What backprop doesn’t do

Backpropagation computes gradients. It does not find good parameters — that is the job of an optimizer (SGD, Adam, etc.) using the gradients backprop provides. Many problems blamed on backprop (poor convergence, local minima, sharp minima) are properties of the loss landscape and the optimizer, not the gradient computation.

When to Use It

Situation Approach
Train any neural network Backpropagation — universal default.
Train RNN over time Backpropagation through time — the same algorithm on the unrolled graph.
Very deep network, memory-limited Backprop with gradient checkpointing.
Function with one scalar input Forward-mode AD (cheaper than reverse mode for \(I = 1\), \(O\) large).
Higher-order gradients (Hessians, etc.) Backprop through backprop, or forward-over-reverse.
Compute Jacobian of a vector output Reverse-mode for each output coordinate, or batched JVPs / VJPs in a framework.
Non-differentiable loss Subgradients, REINFORCE-style score-function gradients, or differentiable relaxations.

Variants

  • Reverse-mode autodiff over arbitrary DAGs.
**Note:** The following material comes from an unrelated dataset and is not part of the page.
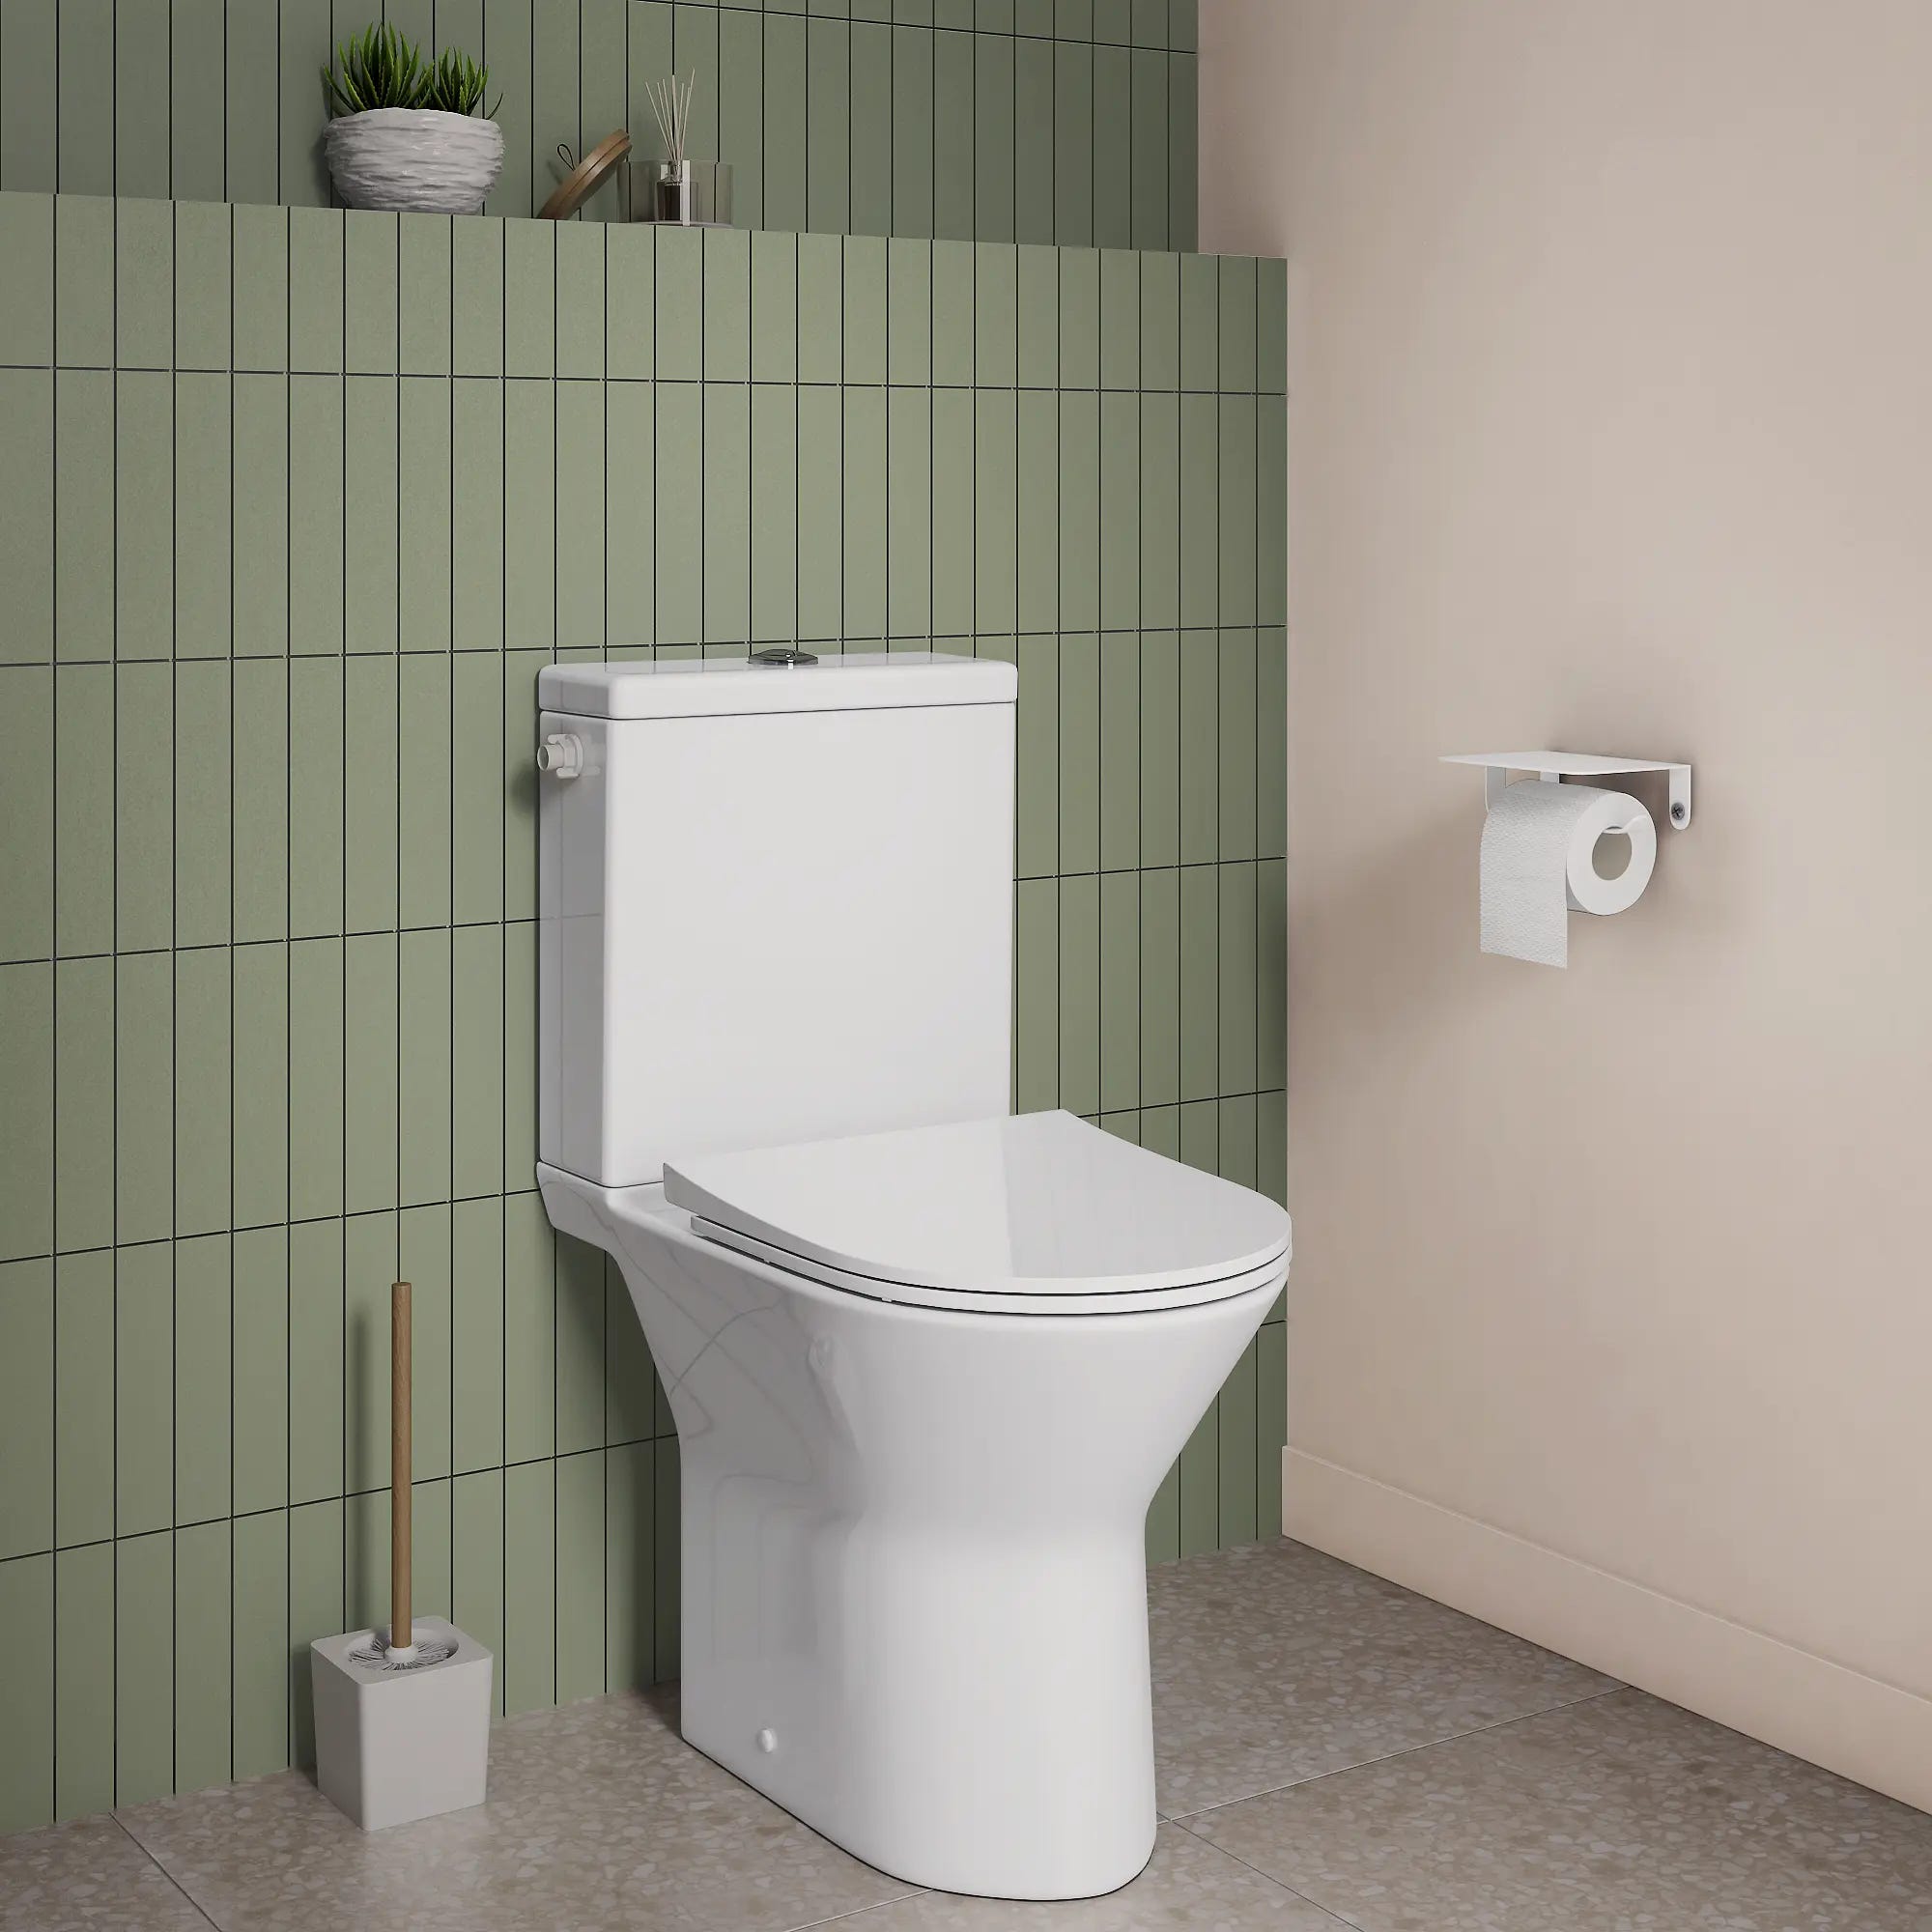 11 solutions pour cacher les toilettes dans la salle de bains

The framework-level generalization. Modern PyTorch/JAX/TensorFlow implement backprop this way; the network-specific recurrences above are a special case.
  • Gradient checkpointing. Store only a fraction of activations and recompute the rest. Halves to fifths the memory of training very deep networks at \(\sim 2\times\) forward-time cost.
  • Mixed-precision training. Compute forward and backward in float16/bfloat16 while keeping a float32 master copy of parameters. Cuts memory roughly in half on modern accelerators.
  • Synthetic gradients / decoupled neural interfaces. Predict the gradient locally instead of waiting for the global backward pass. Useful in pipeline-parallel training; introduces approximation error.
  • Forward-only training (Hinton’s forward-forward). Recent experiment in training without backprop, using a layerwise contrastive objective. Far from competitive with backprop on standard benchmarks.

References

Rumelhart, David E., Geoffrey E. Hinton, and Ronald J. Williams. 1986. “Learning Representations by Back-Propagating Errors.” Nature 323 (6088): 533–36. https://doi.org/10.1038/323533a0.